ROMANCING THE MACHINE: TWO STORIES
     
    I tell two stories in Alone Together : today’s story of the network, with its promise to give us more control over human relationships, and tomorrow’s story of sociable robots, which promise relationships where we will be in control, even if that means not being in relationships at all. I do not tell tomorrow’s story to predict an exotic future. Rather, as a dream in development, sociable robots cast new light on our current circumstances. Our willingness to consider their company says a lot about the dissatisfactions we feel in our networked lives today.
    Part One, “The Robotic Moment,” moves from the sociable robots in children’s playrooms to the more advanced ones in the laboratory and those being developed and deployed for elder care. As the robots become more complex, the intensity of our relationships to them ramps up. I begin my story with a kind of prehistory, going back to the late 1970s and early 1980s and the introduction of the first animated, interactive computer toys into children’s lives. It was a time of curiosity about the nature of these new machines. These first computational objects of the playroom provoked a change in children’s way of sorting out the question of aliveness. Decisions about whether something was alive would no longer turn on how something moved but on what it knew: physics gave way to psychology. This set the stage for how in the late 1990s, the ground would shift again when children met sociable robots that asked for care. Unlike traditional dolls, the robots wouldn’t thrive without attention, and they let you know how you were doing. But even the most primitive of these objects—Tamagotchis and Furbies—made children’s evaluation of aliveness less about cognition than about an object’s seeming potential for mutual affection. If something asks for your care, you don’t want to analyze it but take it “at interface value.” It becomes “alive enough” for relationship.
    And with this, the heightened expectations begin. Now—for adults and children—robots are not seen as machines but as “creatures,” and then, for most people, the quotation marks are dropped. Curiosity gives way to a desire to care, to nurture. From there, we look toward companionship and more. So, for example, when sociable robots are given to the elderly, it is with the suggestion that robots will cure the troubles of their time of life. We go from curiosity to a search for communion. In the company of the robotic, people are alone, yet feel connected: in solitude, new intimacies.

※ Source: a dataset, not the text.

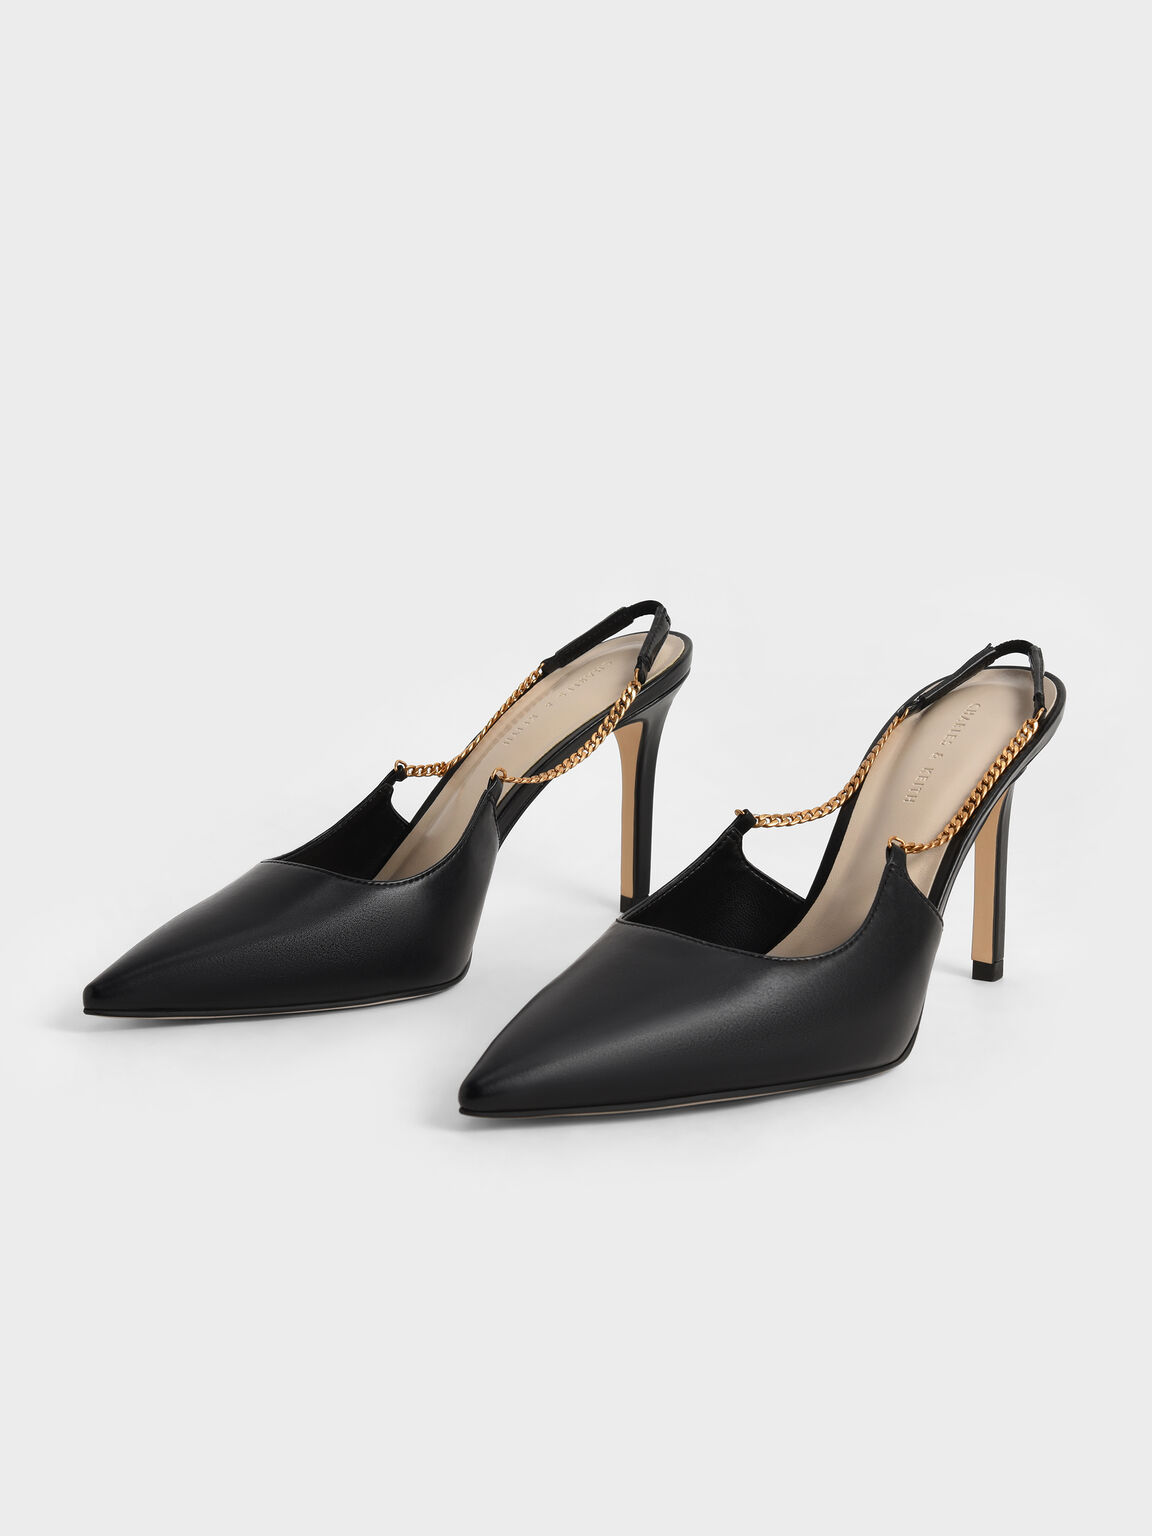 Black Chain-Link Slingback Stiletto Pumps - CHARLES & KEITH MO

    Part Two, “Networked,” turns to the online life as it reshapes the self. I acknowledge the many positive things that the network has to offer—enhancing friendship, family connections, education, commerce, and recreation. The triumphalist narrative of the Web is the reassuring story that people want to hear and that technologists want to tell. But the heroic story is not the whole story. In virtual words and computer games, people are flattened into personae. On social networks, people are reduced to their profiles. On our mobile devices, we often talk to each other on the move and with little disposable time—so little, in fact, that we communicate in a new language of abbreviation in which letters stand for words and emoticons for feelings. We don’t ask the open ended “How are you?” Instead, we ask the more limited “Where are you?” and “What’s up?” These are good questions for getting someone’s location and making a simple plan. They are not so good for opening a dialogue about complexity of feeling. We are increasingly connected to each other but oddly more alone: in intimacy, new solitudes.